# Online Seminary Comparison



## zsmcd (Apr 10, 2017)

I finally finish up my undergraduate degree this semester. Because I have four years left in the military and have no idea where we will be stationed in that time, I am looking at online seminary courses to chip away at an MDiv as much as possible.

As far as coursework goes, Greenville seems the most appealing to me, but I am not sure that the military will pay for unaccredited courses. TNARS offers the best 'price' and the coursework looks to be great as well, but if I decide to go to a brick and mortar school I may have transfer trouble. I'm not entirely concerned with accreditation, as I don't see myself pursuing any PhD work at an accredited institution, but the transferability of RTS credits is very appealing. The only downside with RTS is that the price is steep, though the military will pay for about half of it. 

What say ye? Any other suggestions? My pastor seems to be partial to RTS. Any online students in here?


----------



## Beezer (Apr 10, 2017)

Zach,

I have looked into online seminary options quite a bit as well. Though I'm no longer in the Marines I work full-time as a DoD civilian and I'm neither willing nor able to leave my vocation in order to study for several years. For me I don't feel a call to full-time pastoral ministry, but I enjoy working with youth and my main interests are in studying theology so I feel pursuing online studies to be the best fit for me.
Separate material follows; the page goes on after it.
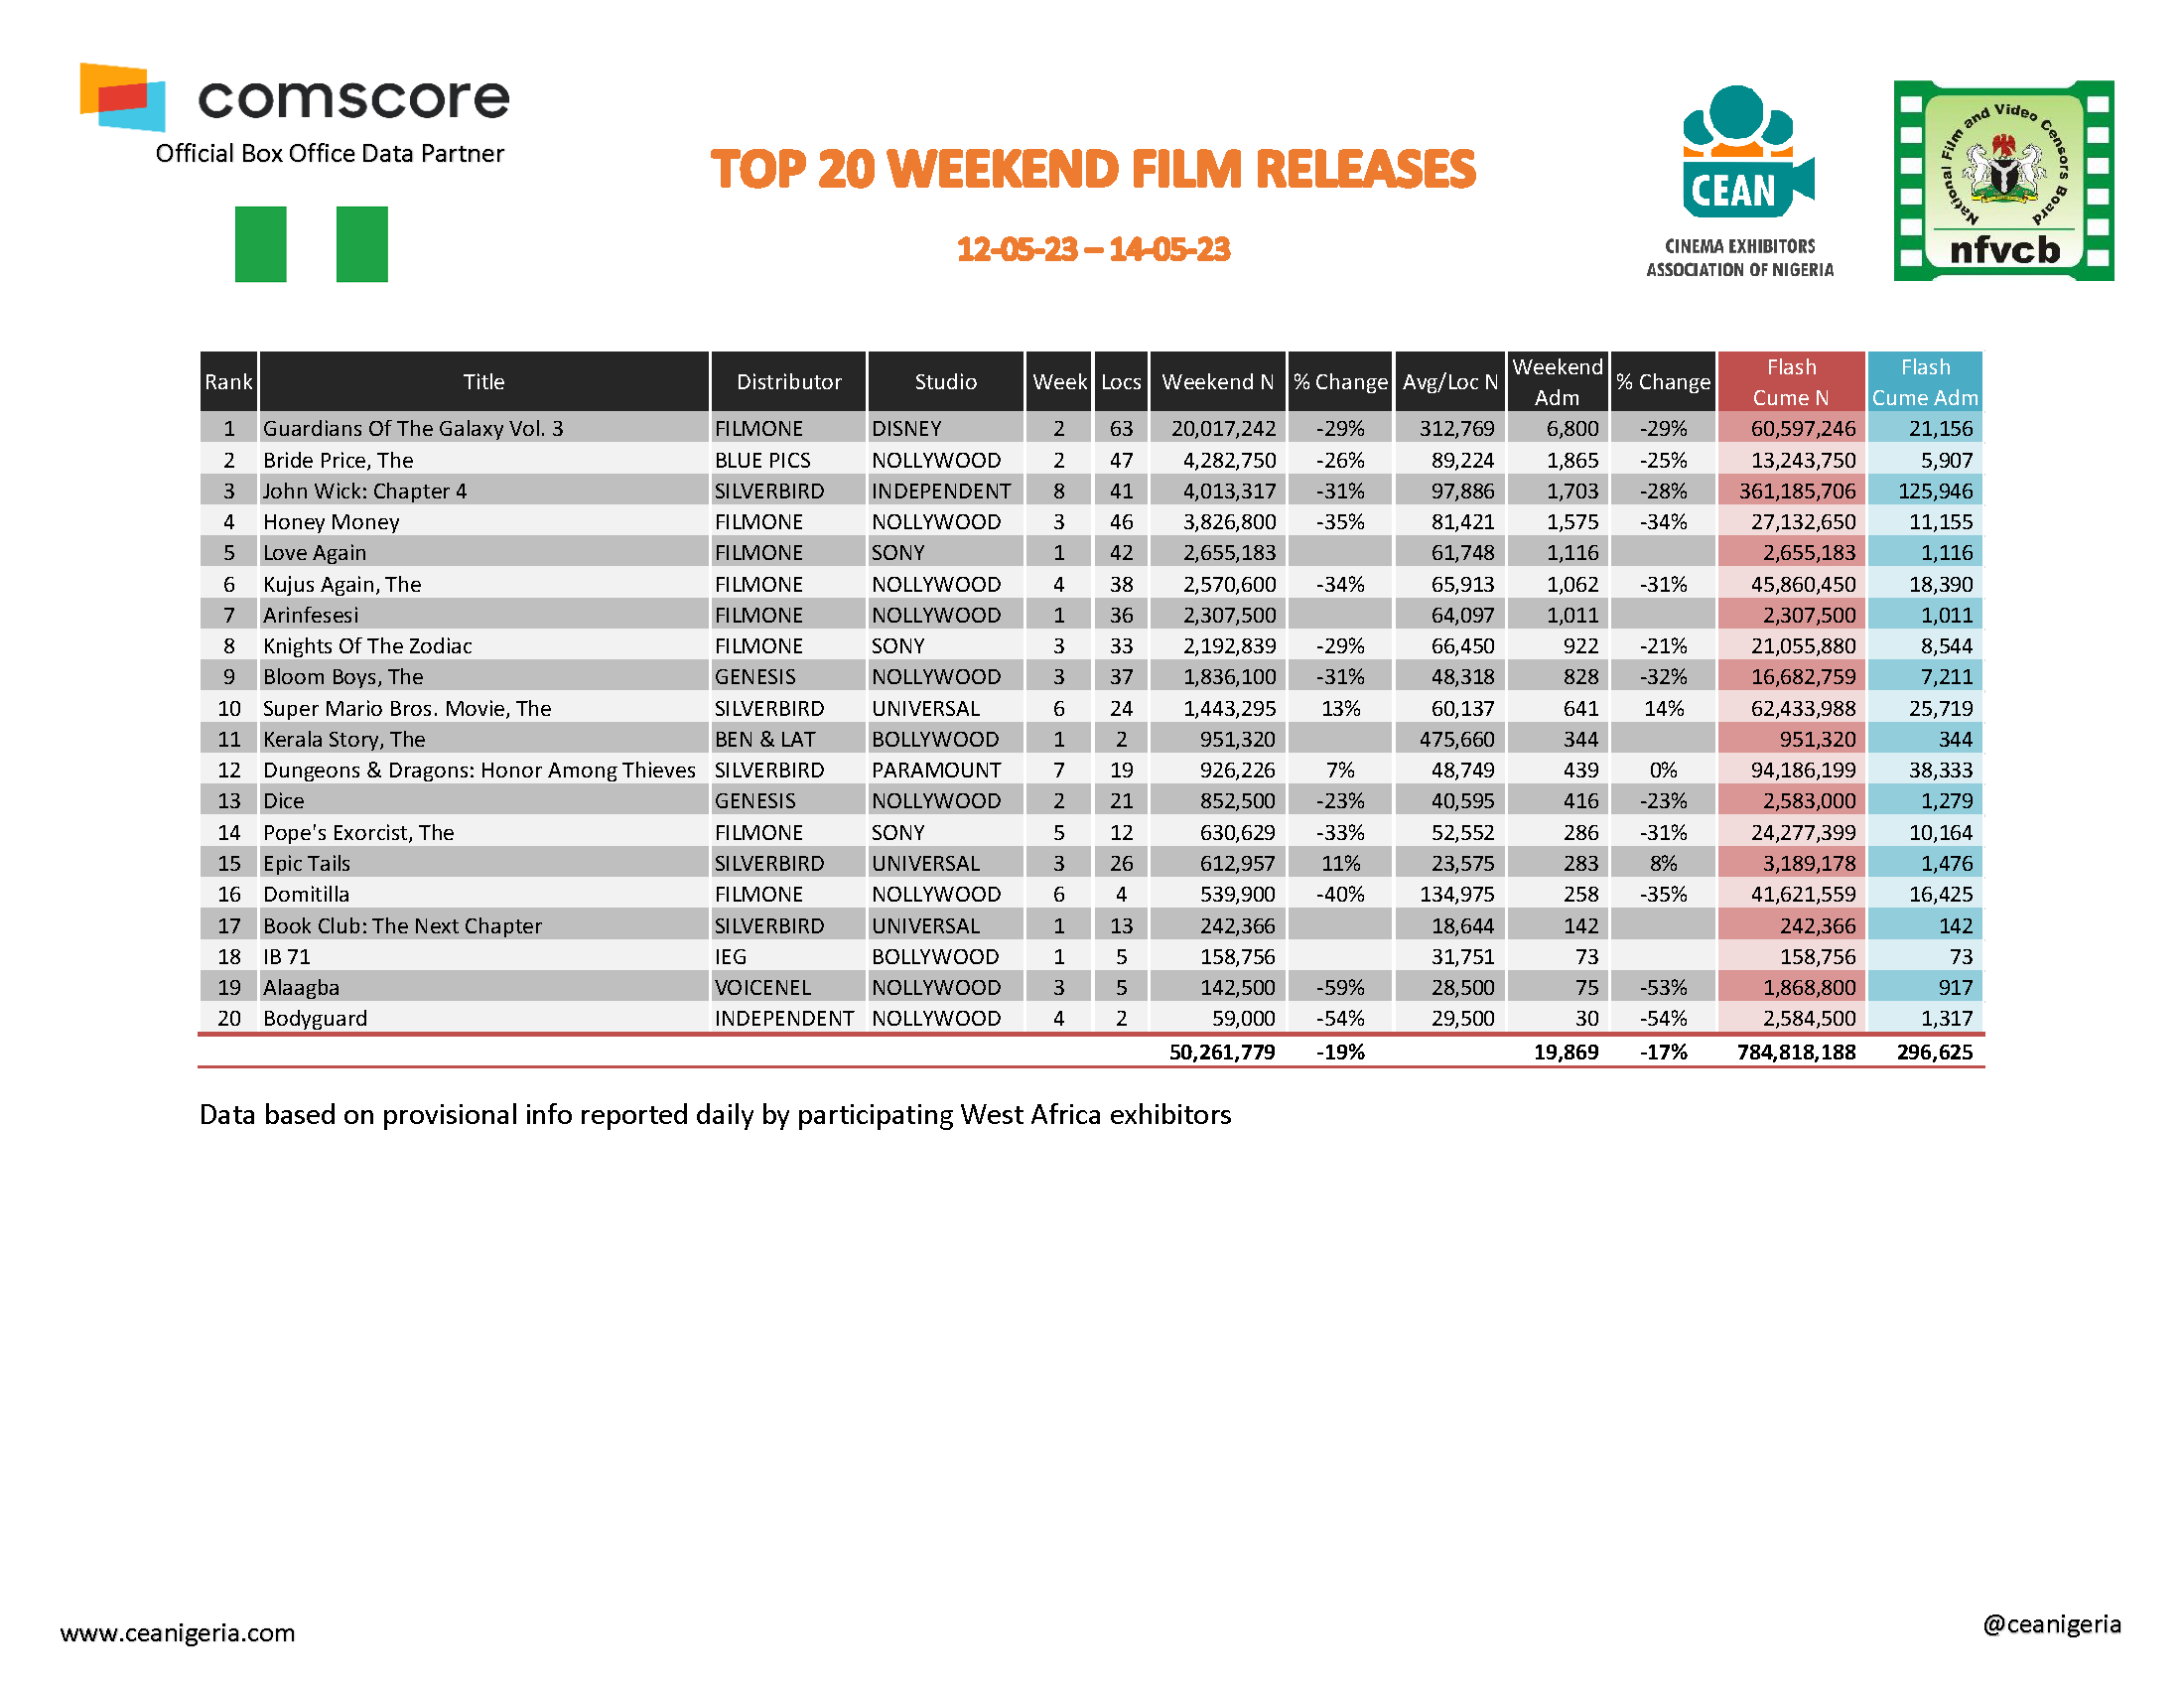 Top 20 films Weekend 12th 14th May

For you on the other hand...do you feel like you are being called to be a pastor when you get out of the military?

As a Presbyterian the online options are somewhat limited compared to our Baptist brethren. If you are up in Alexandria maybe chip away at some evening classes at the RTS DC campus and when you PCS to your next duty station resume via RTS Global. If you just want to jump straight into online studies I would go the RTS Global route and pursue a MABS or MATS degree and finish up the MDiv when you separate from the military. If costs are of concern maybe consider Whitefield College or Birmingham Theological Seminary. I like the TNARS option and have considered it myself, but I ultimately was concerned about a lack of interaction with other students (iron sharpening iron) and a lack of quality mentors in my area.
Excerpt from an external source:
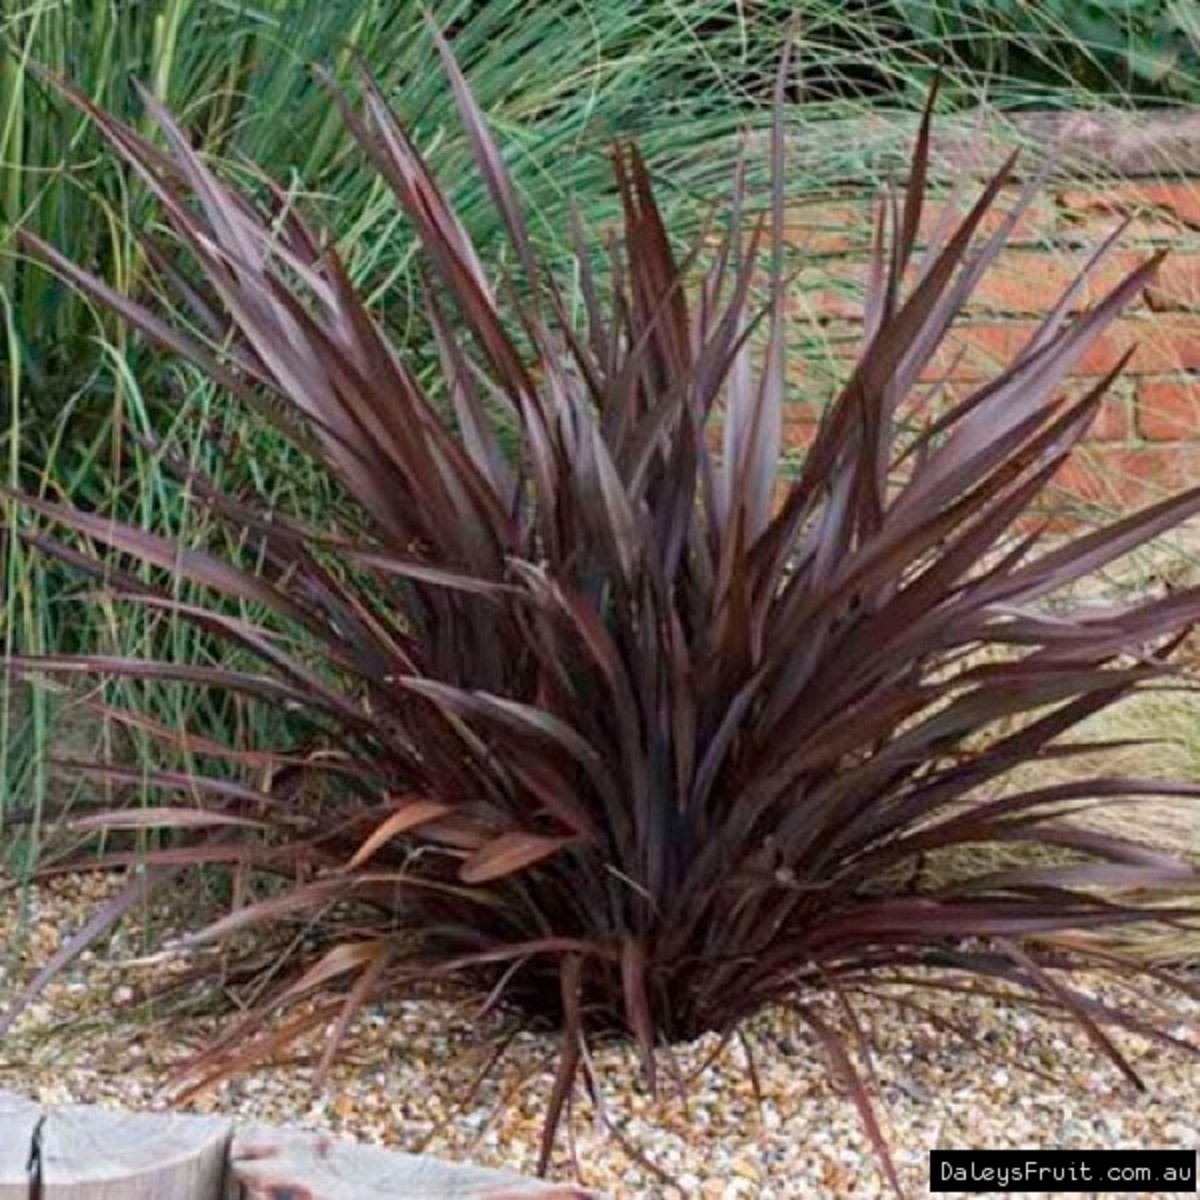 A suitable spot for a New Zealand flax will allow plenty of room for its long blades and full feathery shape.

I'm sure you'll get a lot of good suggestions here from folks.

Reactions: Like 2


----------



## Jake (Apr 10, 2017)

RTS would be nice as they have the most campuses around of any Reformed seminary (including one in Northern Virginia) so you would be able to do a mix of on-line and in person classes now and potentially in the future. However, other schools do have on-line options. I think a good portion if not most of a degree from Puritan Seminary can be done via distance now, which is accredited and might be more appealing if you like Greenville's program.


----------



## zsmcd (Apr 10, 2017)

Jake said:


> I think a good portion if not most of a degree from Puritan Seminary can be done via distance now, which is accredited and might be more appealing if you like Greenville's program.



Good to know. For some reason I assumed that PRTS did not have the same accreditation as RTS.


----------



## Hamalas (Apr 10, 2017)

What do you want the degree for? Pastoral ministry? An academic career? Personal growth?


----------



## zsmcd (Apr 10, 2017)

I hope to enter into pastoral ministry in the future, but that may be another 10 years out from now. Of course there are also the added benefits of personal growth, greater biblical knowledge, etc.


----------



## Edward (Apr 10, 2017)

zsmcd said:


> For some reason I assumed that PRTS did not have the same accreditation as RTS.
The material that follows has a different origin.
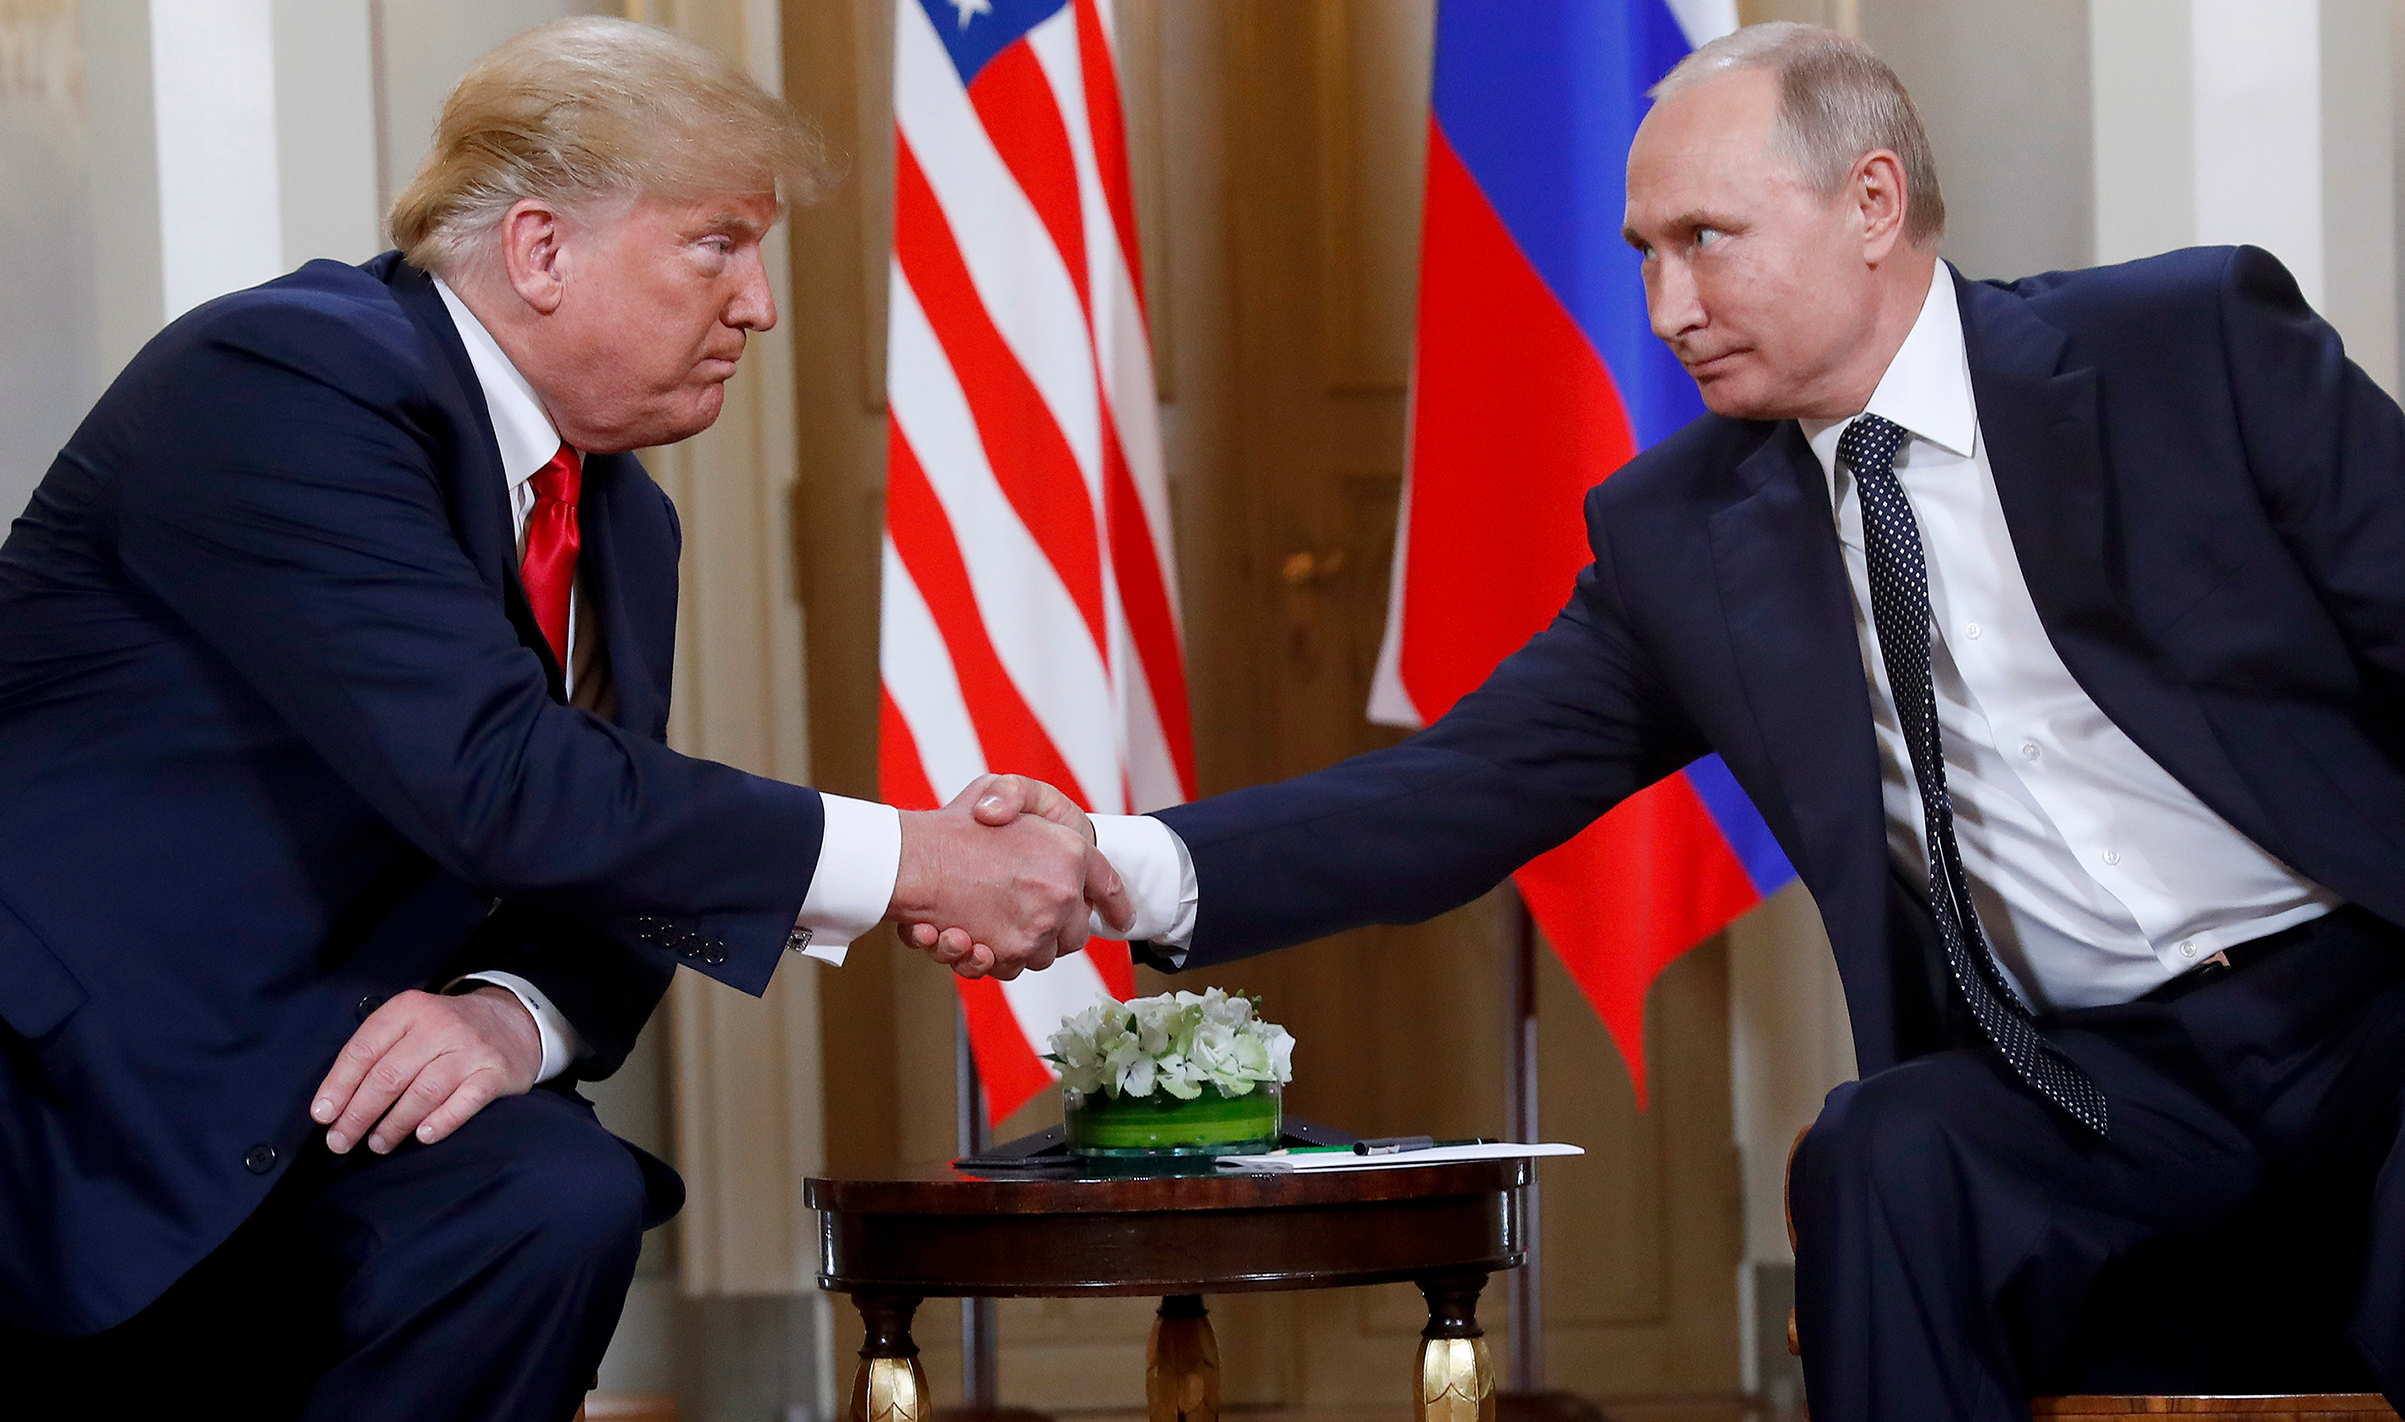 President Donald Trump and Russian President Vladimir Putin shake hands at the beginning of a meeting in Helsinki on July 15, 2018. (Pablo Martinez Monsivais—AP)

It looks like you were partially correct. Both have ATS accreditation. RTS also has SACS 

footnote: I don't think the Dallas campus is accredited yet.


----------



## zsmcd (Apr 10, 2017)

Edward said:


> RTS also has SACS


I see that now.

Is there any real significance to a SACS accreditation?


----------



## fredtgreco (Apr 10, 2017)

RTS also has a church partnership program, in which if your church pays 1/3 of tuition, RTS will forgive 1/3 of tuition.


----------



## Bill The Baptist (Apr 10, 2017)

zsmcd said:


> I see that now.
> 
> Is there any real significance to a SACS accreditation?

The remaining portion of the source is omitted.